Contudo, segundo o Santo Padre, é partindo do bairro, da localidade, da organização do trabalho comunitário que é possível discutir a “política com maiúscula”, indicando “ao poder um planeamento mais integral”. Mas, essa forma de intervenção – disse Francisco – não é tolerada porque, dessa forma, estariam a sair do formato “que alguns pretendem monopolizar em pequenas castas” – observou.

“Assim a democracia atrofia-se, torna-se um nominalismo, uma formalidade, perde representatividade, vai desencarnando-se porque deixa de fora o povo na sua luta quotidiana pela dignidade, na construção do seu destino” – afirmou o Papa.

Corrupção

O Santo Padre alertou também para a corrupção que não é apenas “uma questão de políticos, a corrupção não é um vício exclusivo da política” – sublinhou – pois ela existe também nas empresas, nos meios de comunicação social, nas Igrejas e também nas organizações sociais e nos movimentos populares.

“… é necessário viver a vocação de servir com um forte sentido de austeridade e humildade.
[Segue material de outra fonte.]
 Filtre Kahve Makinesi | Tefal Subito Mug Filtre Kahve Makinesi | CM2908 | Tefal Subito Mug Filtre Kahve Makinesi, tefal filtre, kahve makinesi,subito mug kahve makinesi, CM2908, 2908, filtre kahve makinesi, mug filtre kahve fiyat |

Isto vale para os políticos, mas vale também para os dirigentes sociais e para nós pastores” – disse o Papa que, de imediato, esclareceu que ao afirmar a palavra austeridade refere-se à austeridade moral e humana e não àquela apontada pelas “ciências do mercado” e que significa ajuste. “Não é a isso que eu me refiro” – afirmou.

Vida de serviço e amor

No final do seu discurso o Papa Francisco exortou os Movimentos Populares a continuarem a “combater o medo com uma vida de serviço, solidariedade e humildade em favor dos povos e especialmente daqueles que sofrem”.

“Contra o terror, o melhor remédio é o amor. O amor cura tudo” – afirmou o Santo Padre que recomendou a leitura da sua Exortação Apostólica ‘A alegria do amor’, recordando ser este um documento não apenas “sobre o amor em cada família, mas também naquela outra família que é o bairro, a comunidade, o povo, a humanidade”.